The sub-transition matrix \mathbf{T} plays the role of \mathbf{S} in the continuous case, but entries are probabilities rather than rates. The exit probability t_i = 1 - \sum_j T_{ij} is the probability of absorbing from state i at the next step.

Example

A geometric distribution \operatorname{Geo}(1-q) (number of trials until the first success) is \operatorname{DPH}_1((1), (q)) with \mathbf{T} = (q) and \mathbf{t} = (1-q).
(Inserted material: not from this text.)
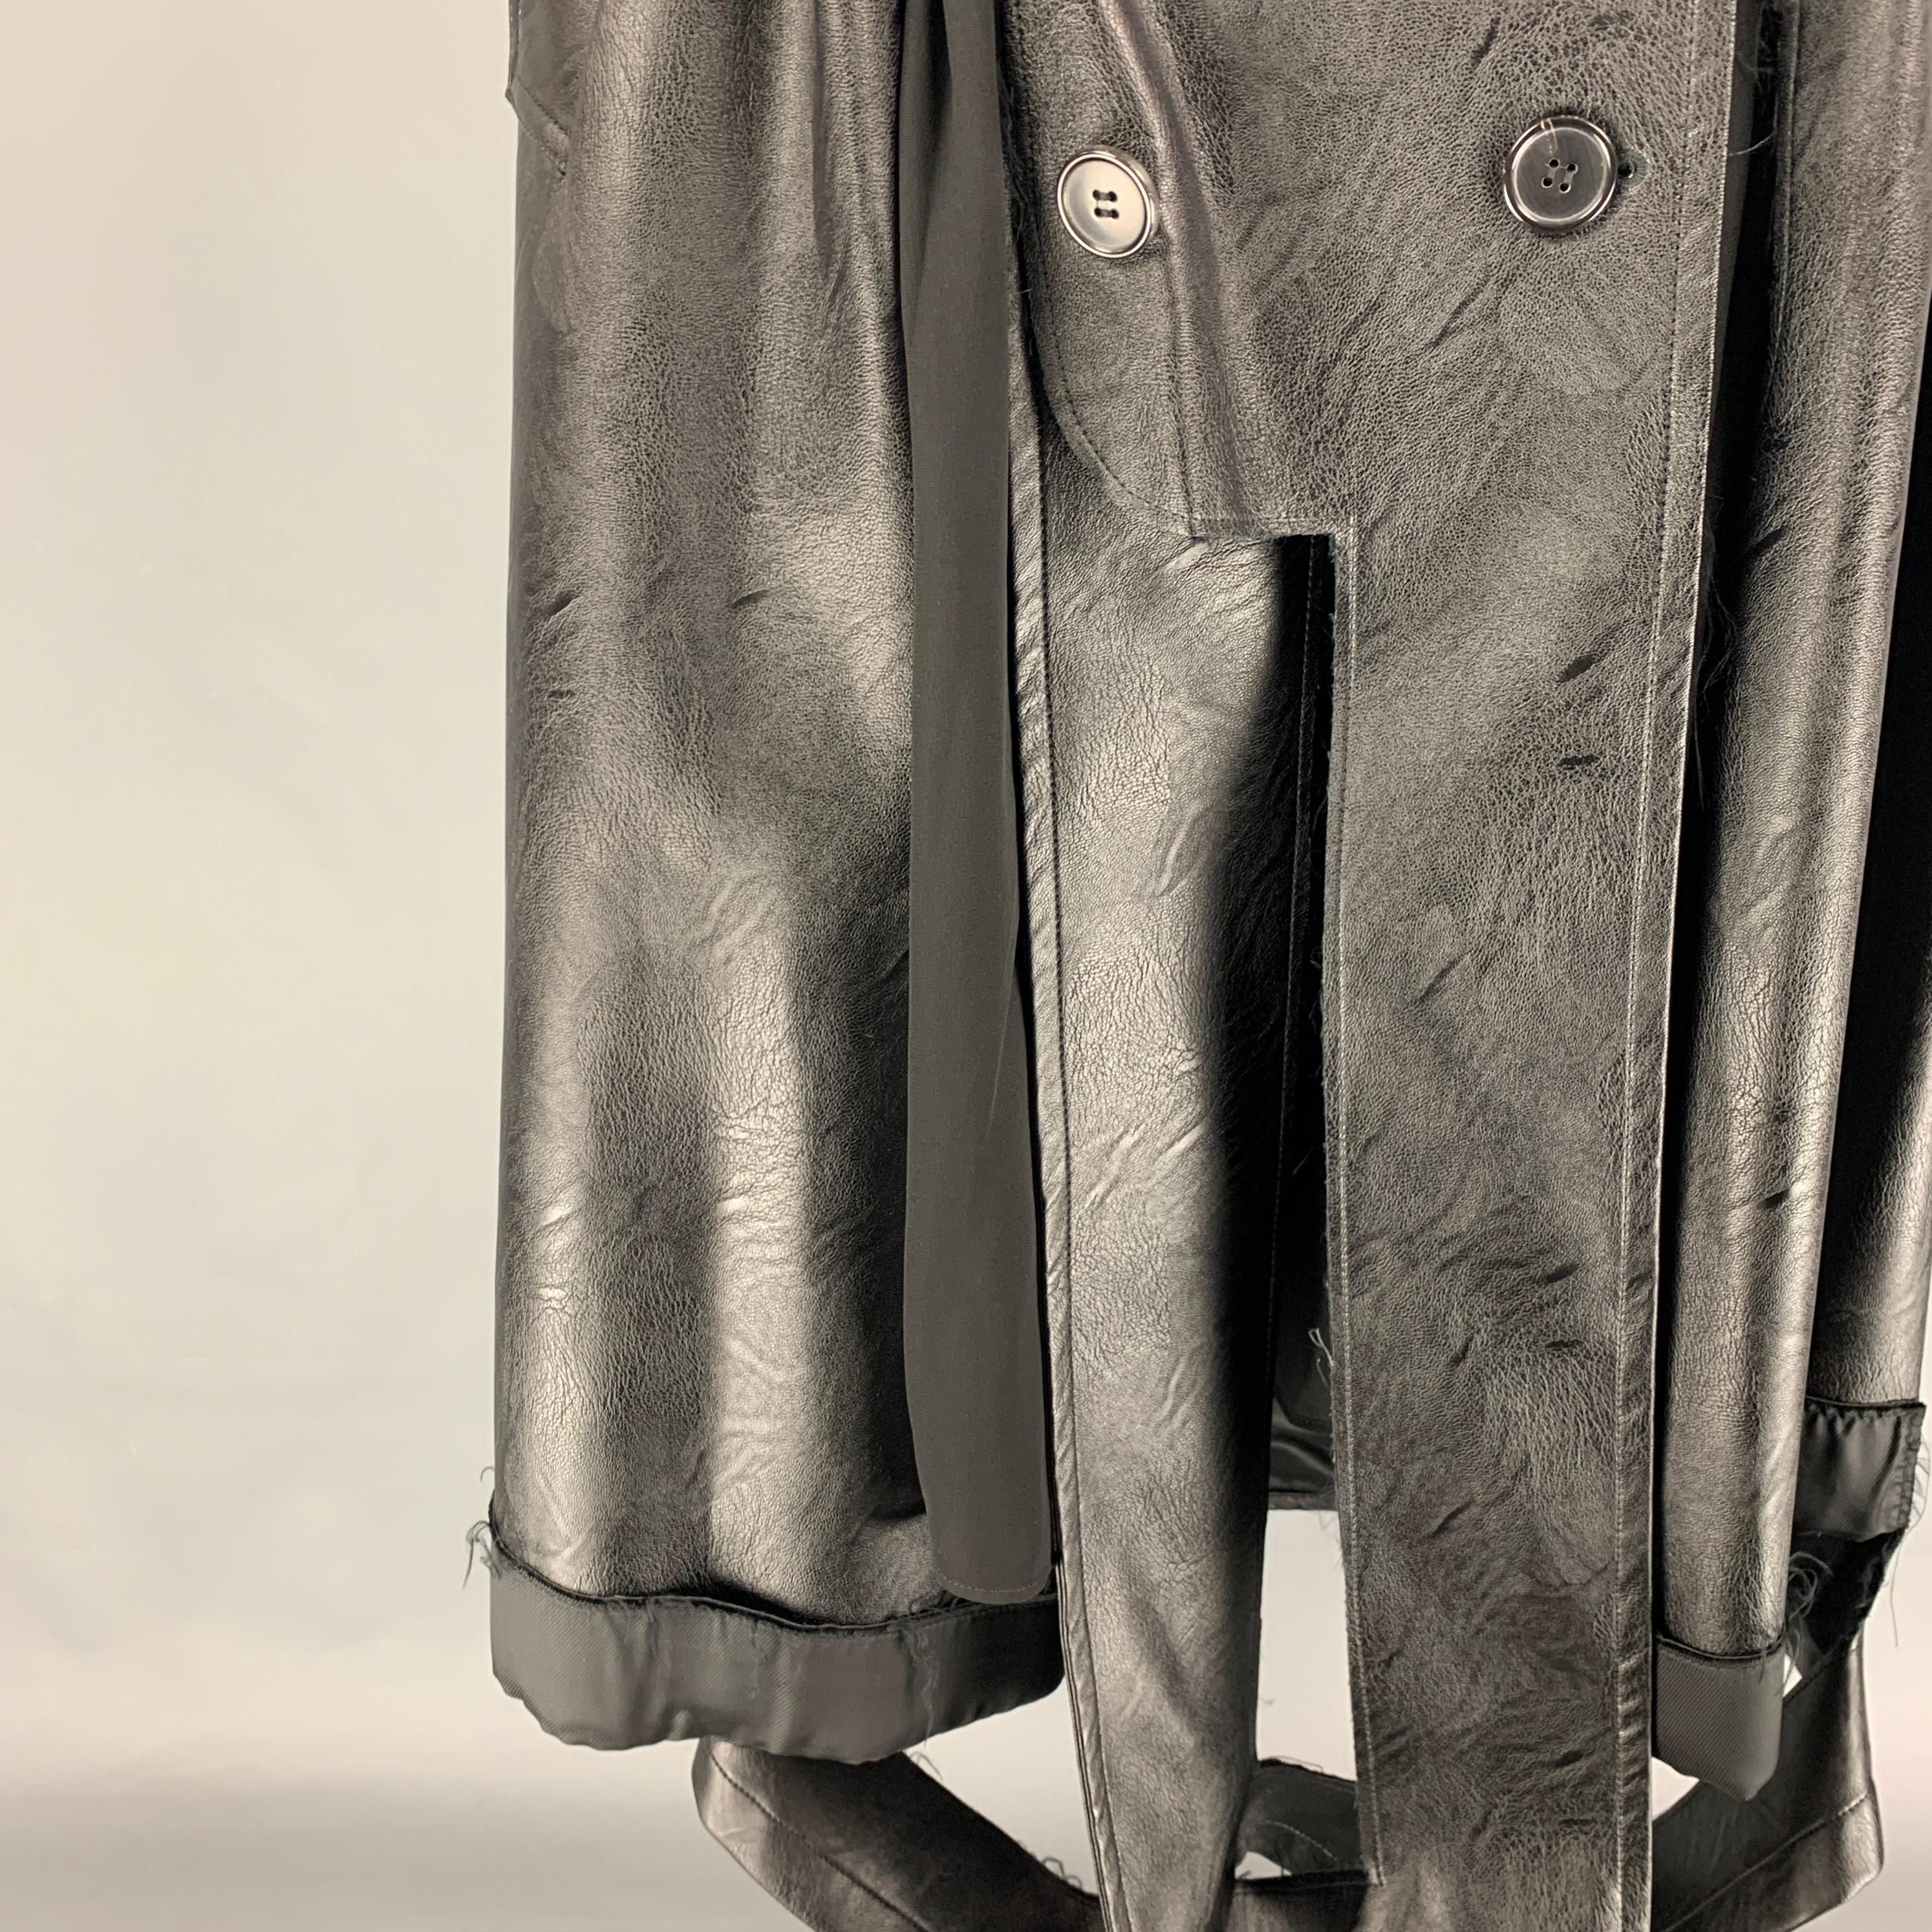 MAISON MARGIELA  Fall Winter 2019 by John Galliano pants comes in black viscose with a chiffon lining featuring a deconstructed lapel design, wide leg, belted, snap button details, and a double breasted closure. Made in Italy. 

Very Good Pre-Owned

Definition 2.8 (PMF and moments of DPH) Let \tau \sim \operatorname{DPH}_p(\boldsymbol{\alpha}, \mathbf{T}). The probability mass function is

\Pr(\tau = k) = \boldsymbol{\alpha} \mathbf{T}^{k-1} \mathbf{t}, \quad k = 1, 2, \ldots \tag{2.6}

The first moment is

\mathbb{E}[\tau] = \boldsymbol{\alpha}(\mathbf{I} - \mathbf{T})^{-1}\mathbf{e}. \tag{2.7}

More generally, the n-th factorial moment is \mathbb{E}[\tau(\tau-1)\cdots(\tau-n+1)] = n! \, \boldsymbol{\alpha} (\mathbf{I} - \mathbf{T})^{-n} \mathbf{T}^{n-1} \mathbf{e}.

Intuition

The PMF follows the same logic as the continuous PDF: \mathbf{T}^{k-1} propagates the initial distribution through k-1 steps among transient states, then \mathbf{t} extracts the absorption probability. The matrix (\mathbf{I} - \mathbf{T})^{-1} is the discrete analogue of the Green matrix \mathbf{U}.

Reward transformations

Reward-transformed phase-type distributions generalize the basic PH family by assigning non-negative rewards to transient states and measuring accumulated reward rather than raw time.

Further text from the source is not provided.